The fresh and dried leaves are used frequently in traditional Mediterranean cuisine as a herb; a tisane can also be made from them.Since it is attractive and tolerates some degree of drought, it is also used in landscaping, especially in areas having a Mediterranean climate. It can in fact die in over-watered soil, but is otherwise quite easy to grow for beginner gardeners. It is very pest-resistant.Numerous cultivars have been selected for garden use. The following are frequently sold:
  • 'Albus': white flowers
  • 'Arp': leaves light green, lemon-scented
  • 'Aureus': leaves speckled yellow
  • 'Benenden Blue': leaves narrow, dark green
  • 'Blue Boy': dwarf, small leaves
  • 'Golden Rain':leaves green, with yellow streaks
  • 'Irene': lax, trailing
  • 'Lockwood de Forest': procumbent selection from 'Tuscan Blue'
  • 'Ken Taylor': shrubby
  • 'Majorica Pink': pink flowers
  • 'Miss Jessop's Upright': tall, erect
  • 'Pinkie': pink flowers
  • 'Prostratus'
  • 'Roseus': pink flowers
  • 'Severn Sea': spreading, with arching branches; flowers deep violet
  • 'Tuscan Blue': upright
Rosemary has a very old reputation for improving memory, and has been used as a symbol for remembrance (as in worn during weddings, war commemorations and funerals) in Europe, probably as a result of this reputation; in Shakespeare's Hamlet, Ophelia says, "There's rosemary, that's for remembrance".Rosemary can be added as an unusual extra flavoring in lemonade.Rosemary is easily pruned into shapes and has been used for topiary.
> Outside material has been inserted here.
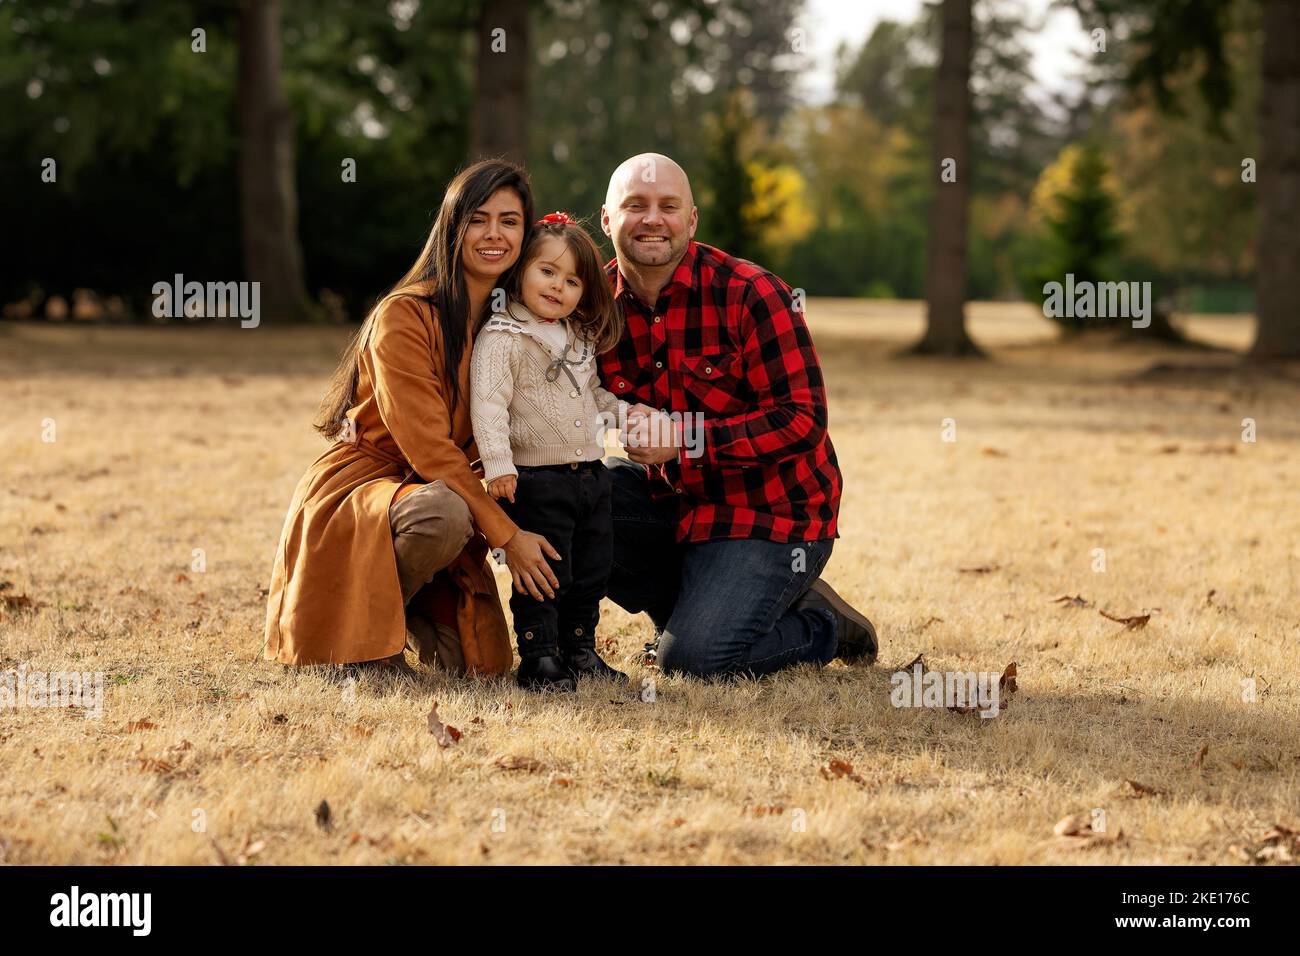 Ein liebevolles multiethnisches Paar, ein kaukasischer Mann und eine lateinische Frau Mitte 30s, die Outdoor-Aktivitäten und wertvolle Zeit mit der Familie genießen und Wi spielen Stockfoto

When grown in pots, it is best kept trimmed to stop it getting too straggly and unsightly, though when grown in a garden, rosemary can grow quite large and still be attractive.Rosemary is a useful food preservative, according to research published in 1987 by Rutgers University, New Jersey. Researchers at Rutgers patented a chemical derived from rosemary that compares favourably with BHA and BHT in its preservative properties.

Medicinal uses
Rosemary has been found to be a stimulant and mild analgesic, and has been used to treat headaches, epilepsy, poor circulation, and many ailments for which stimulants are prescribed.Can be used as a disinfectant, fever, as a mouth wash and for rheumatism.Externally it can be used in hair lotions a few drops of Rosemary oil massaged into the scalp then rinsed with an infusion of nettles can revitalise the hair. Used in this manner it supposed to prevent premature baldness. Rosemary is also reported to stop dandruff.Hungary water was first invented for a Queen of Hungary to 'renovate vitality of paralysed limbs'. It was used externally and is prepared by mixing 180g of fresh rosemary tops in full flower into a litre of spirits of wine. Leave to stand for four days then distill. It is also supposed to work as a remedy against gout if rubbed vigoursly on hands and feet.For a tonic against headaches put some sprigs into a teapot add hot water strain and serve.